§ WHAT THE EXERCISE ASKS
All pictures are to be excluded when the data below is output verbatim.

------ SOURCE DATA ------

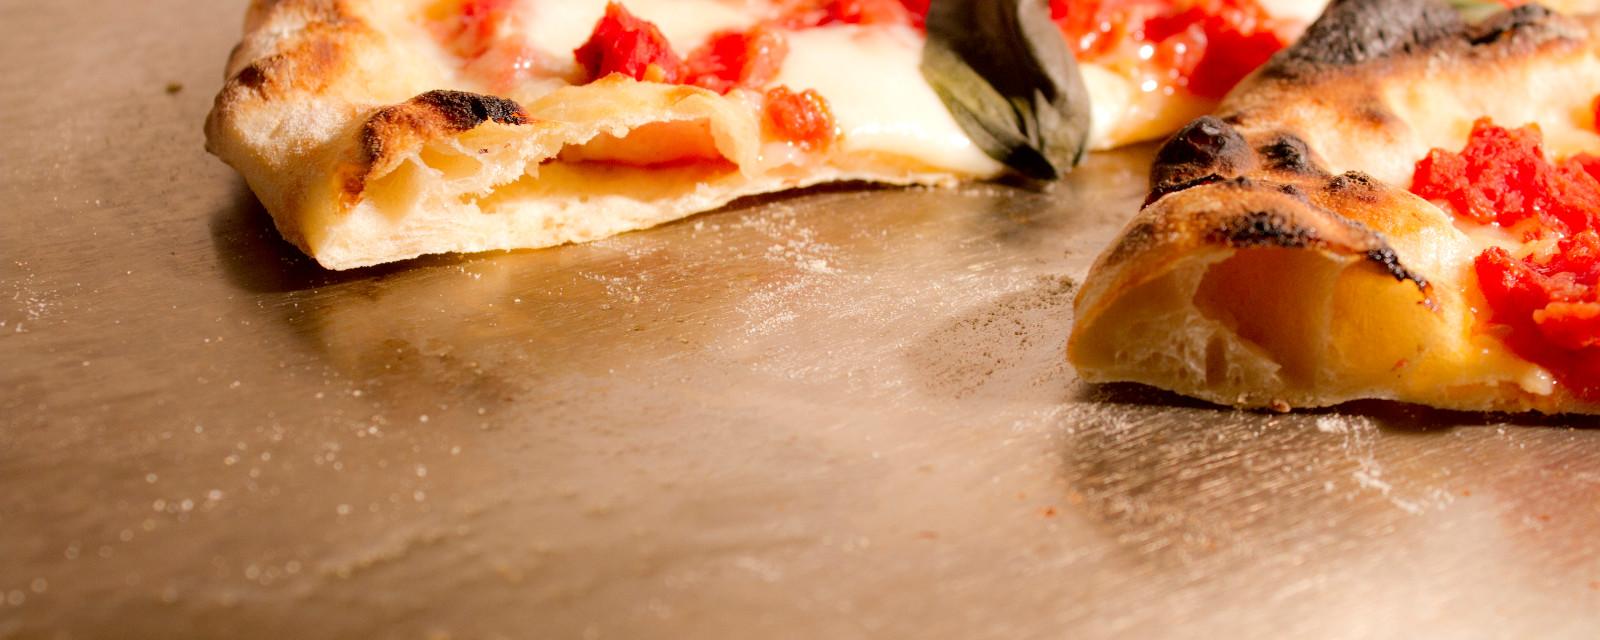 Pizza napolitana con plancha de acero
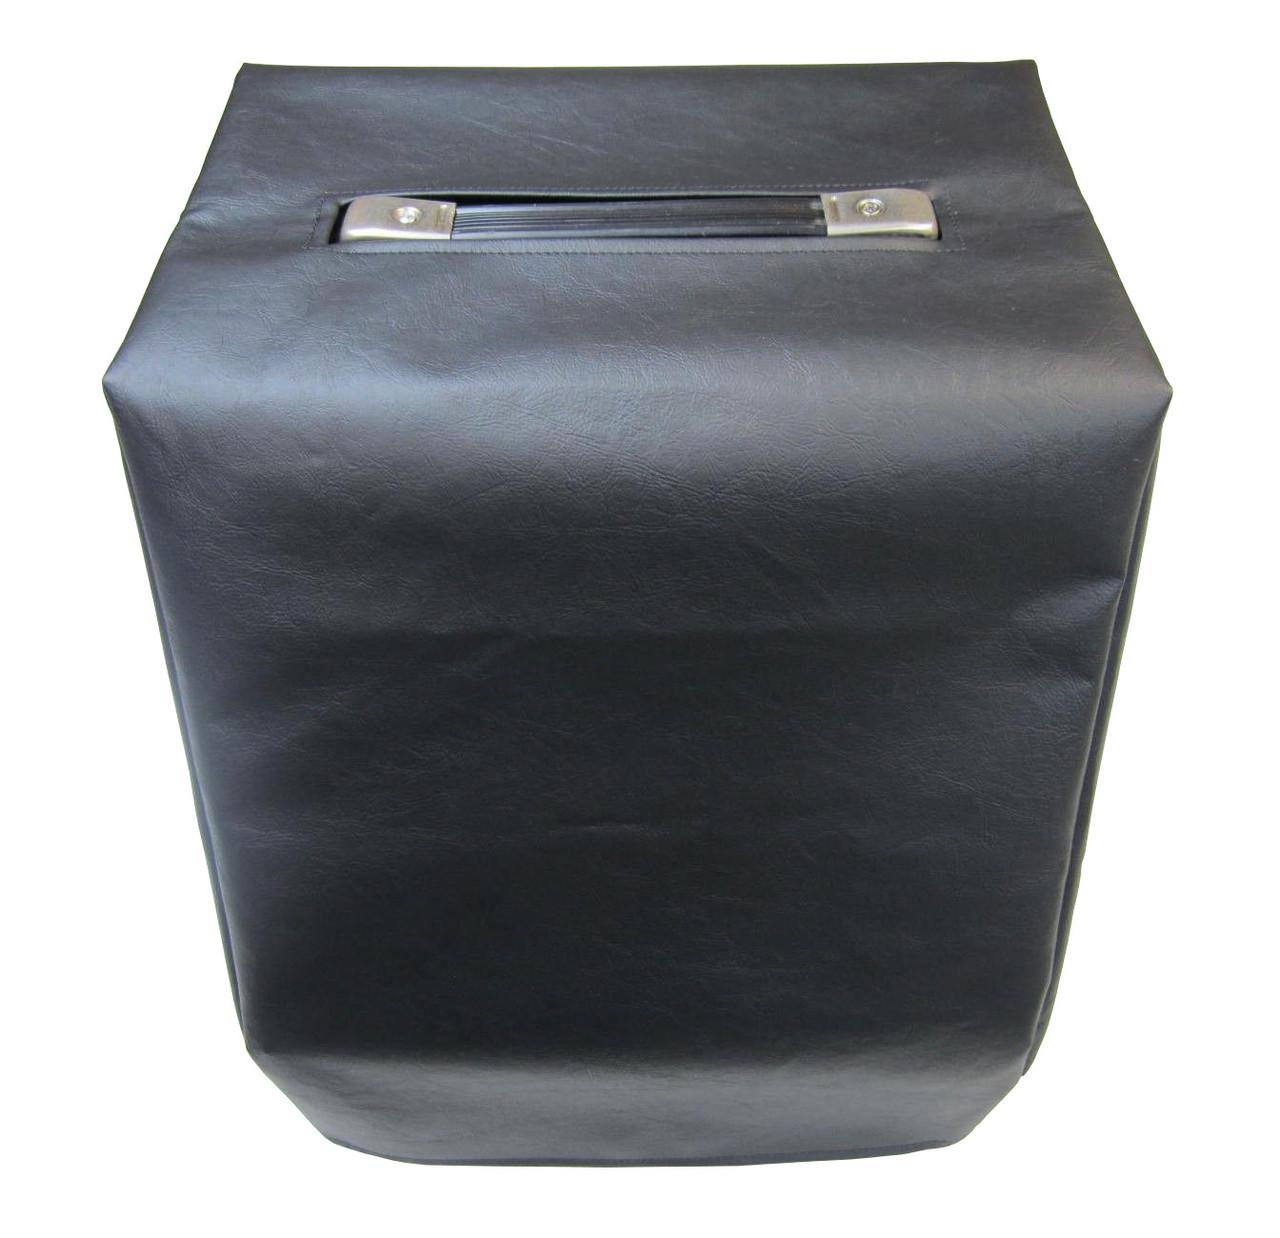 "Tuki Padded Amp Cover for Hartke A70 Bass Amplifier Combo 1//2/"" Foam hart052p"
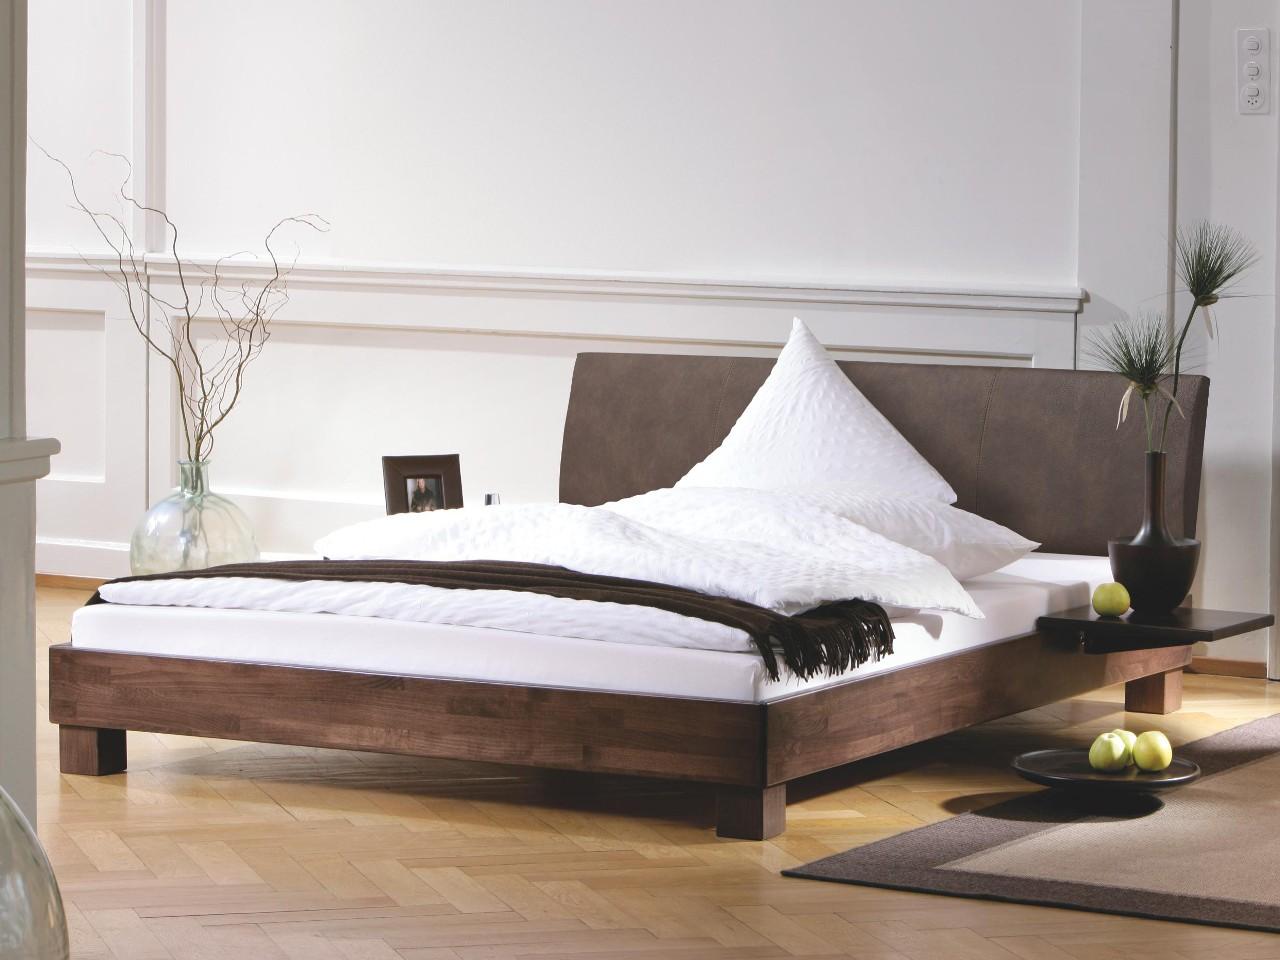 bett 100x200 kernbuche preisvergleiche. Black Bedroom Furniture Sets. Home Design Ideas
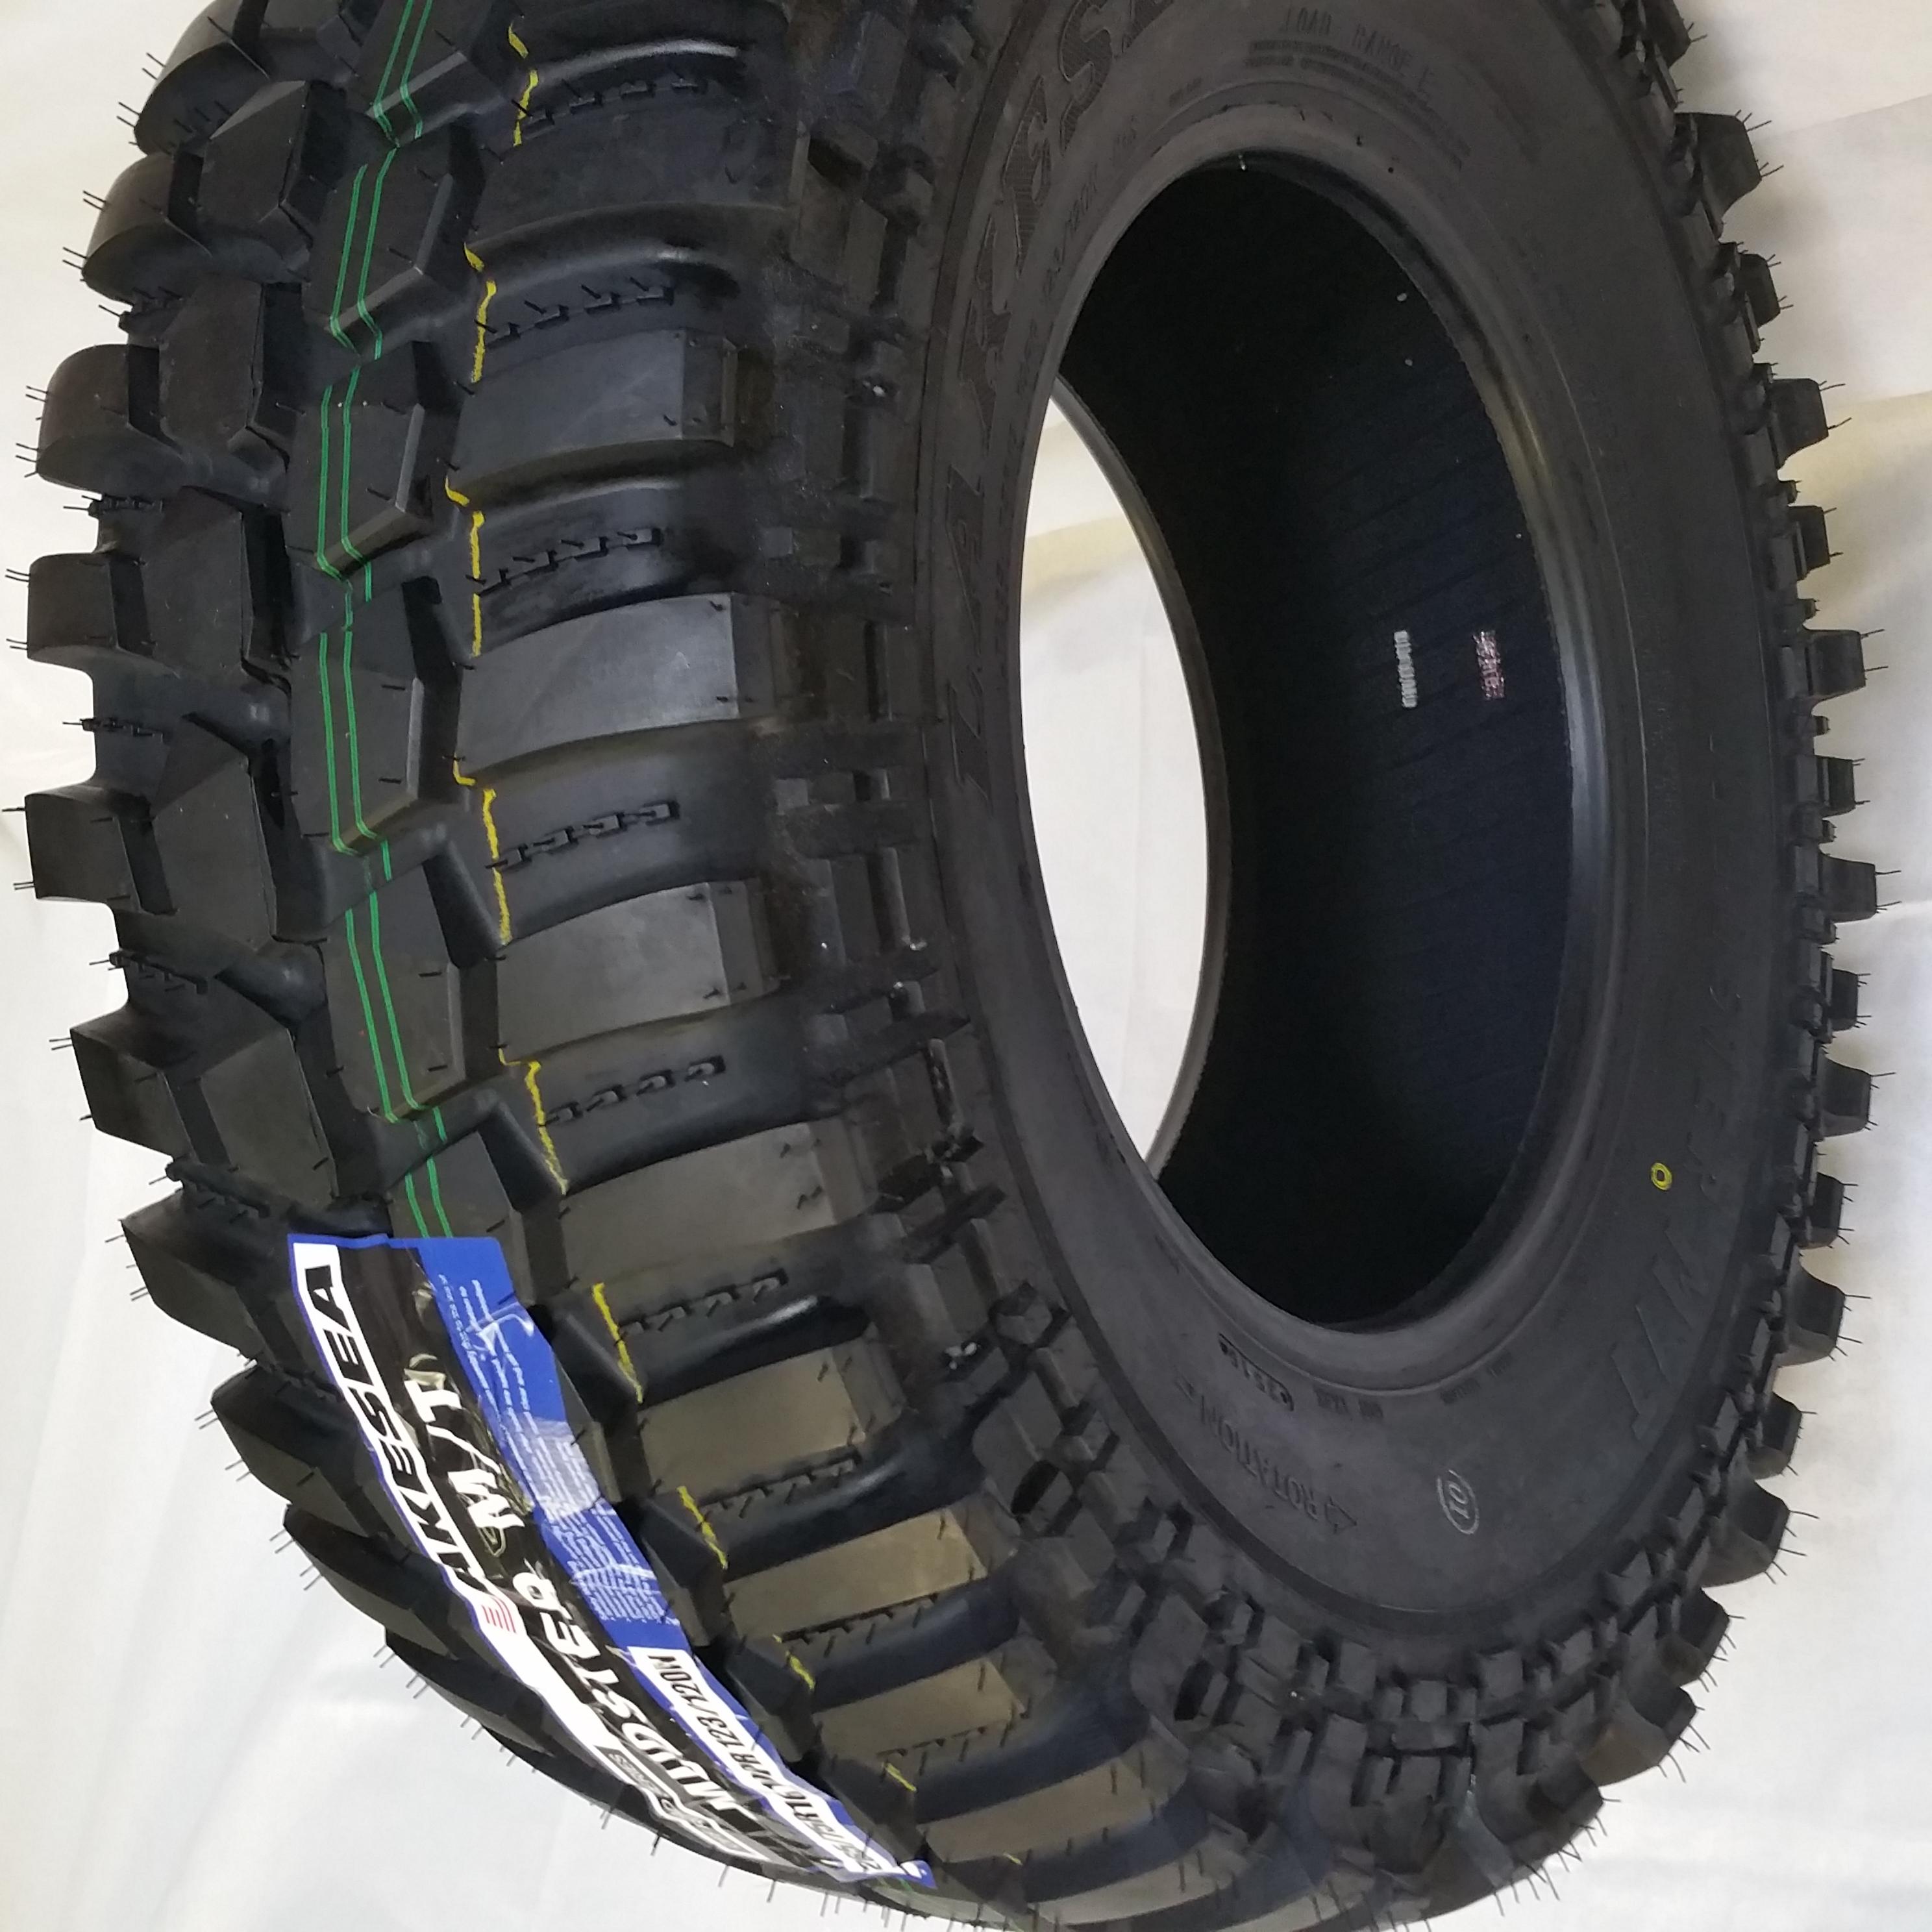 view light product jml ltd by motors used lighting truck tires japan

------

§ REPLY
 Pizza napolitana con plancha de acero
 "Tuki Padded Amp Cover for Hartke A70 Bass Amplifier Combo 1//2/"" Foam hart052p"
 bett 100x200 kernbuche preisvergleiche. Black Bedroom Furniture Sets. Home Design Ideas
 view light product jml ltd by motors used lighting truck tires japan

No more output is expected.